Great question! Well, we have a single climbing the charts where literally every other artist on the charts has a major label backing them. It’s noteworthy that The Arcade and specifically “In The Clouds” is making such an impact via an independent record label. Our whole team deserves a pat on the back for their work on this one… and we are just getting started! There will be singles from this album besides “Clouds.”

One other thing that’s been important in our career and fitting into the music scene is that we’ve always had a great team. Just like in any industry, if you don’t have a great team, you’re gonna sink quick. We’re fortunate to have a diverse group of consummate professionals surrounding us, not just now but throughout our tenure in the business.
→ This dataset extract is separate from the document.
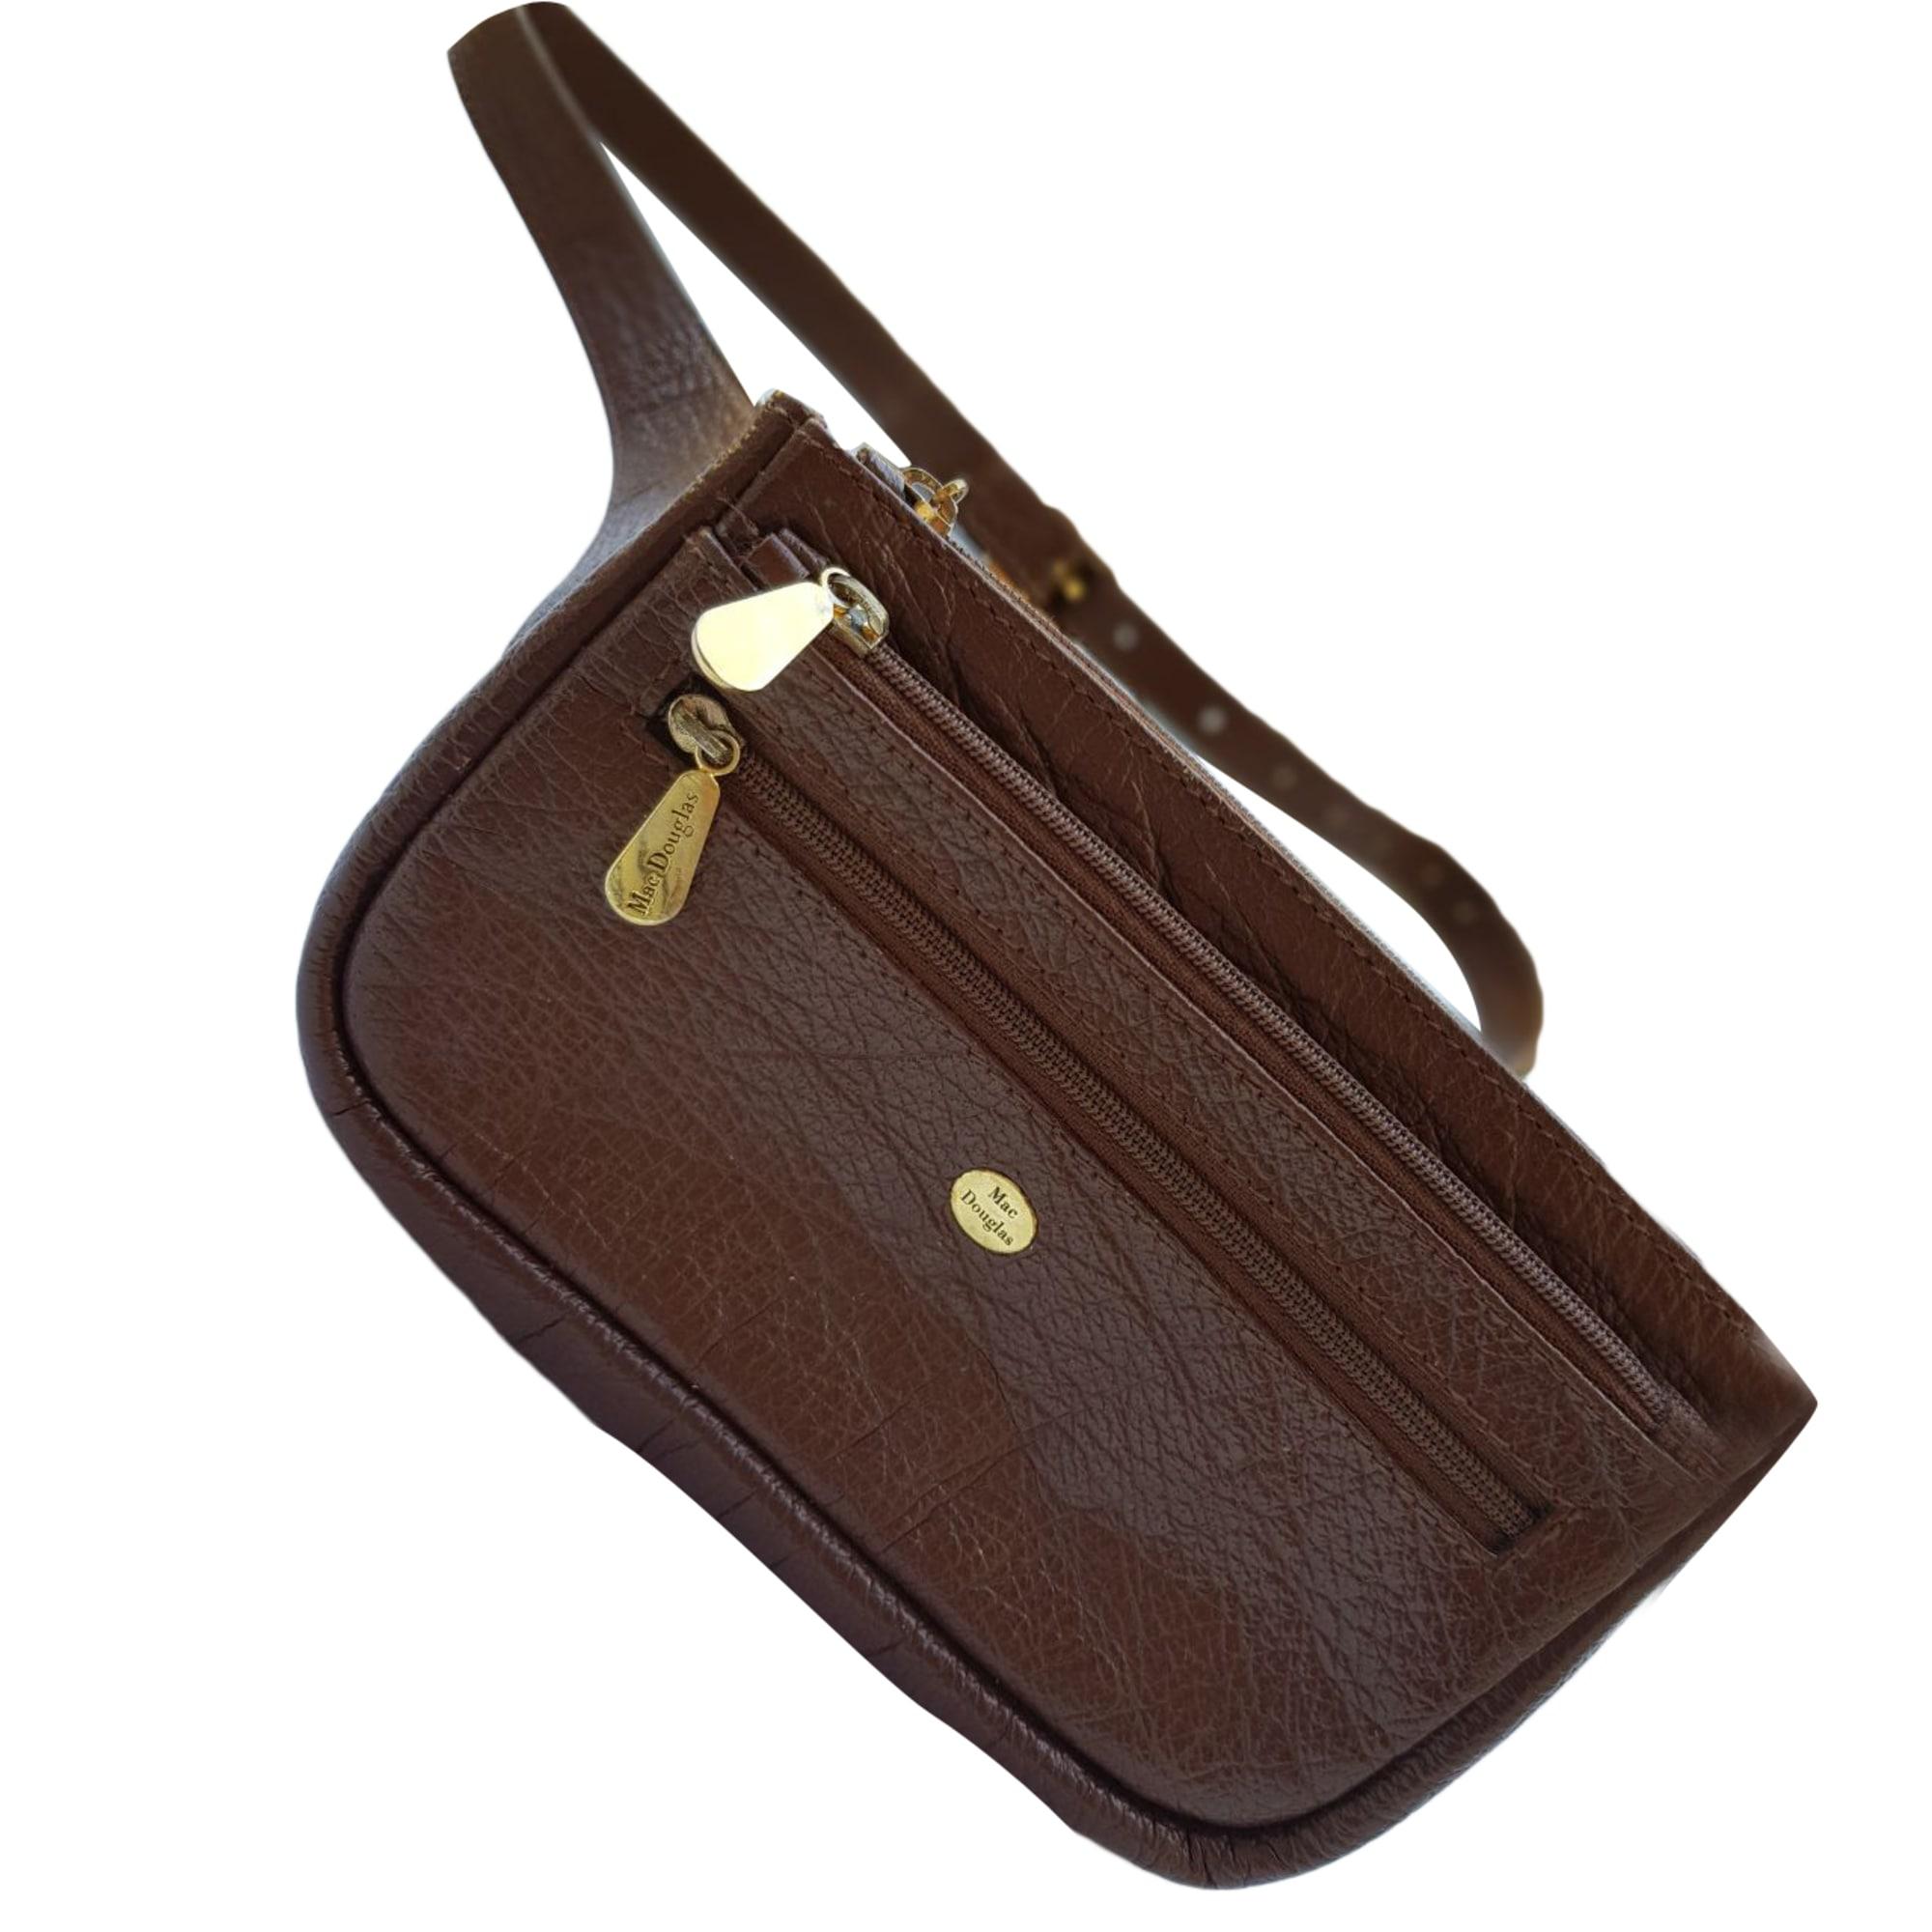 2498104e20ce Sac en bandoulière en cuir MAC DOUGLAS marron - 7891748

I’m talking in the office, on tour, etc. 

Can you give me some of the highlights of your favorite tracks off of The Arcade? Which tracks mean the most to you and why?  

I will say that I love all of the songs on this album, however I have a deep affinity for one particular song, and that is “Nightlight.” As a relatively new father and [someone] fighting a long-term health battle, I have done so determinedly and patiently so that I can continue to provide for and protect my son. It’s been a hell of a thing for me, but throughout it all the band supported me, gave me purpose, and inspired me to get well. 

Throughout most of the making of this album, I was dealing with the onset of an auto-immune disease called Hashimoto’s Disease – possibly brought on by COVID-19. In February of 2020, I had a strange upper respiratory infection, and from there things just got worse and worse for me. I lost the ability to hold an instrument, couldn’t get up the stairs in my own house, couldn’t pick up my own one-and-a-half year old son without tachycardia, heart palpitations, fatigue, and dizziness, among other numerous other challenges for months on end. But as I was able to identify and deal with my condition, I was getting emails and texts from Marc over months and months peppered with developing songs. It would be difficult to accurately describe how much inspiration this gave me to recover but in a very bland day-to-day recovery during a pandemic pretty much quarantined with an infant/toddler, these sonic escapes were my own little arcade. I looked forward to escaping from my discomfort and knew when I did recover I would hopefully be able to rejoin my brothers on the road for what I truly love to do: make music with my friends. All efforts worthwhile, it means so much to have these songs but in particular, “Nightlight,” which reminds me who and what I want to be: a protector, someone who brings the light.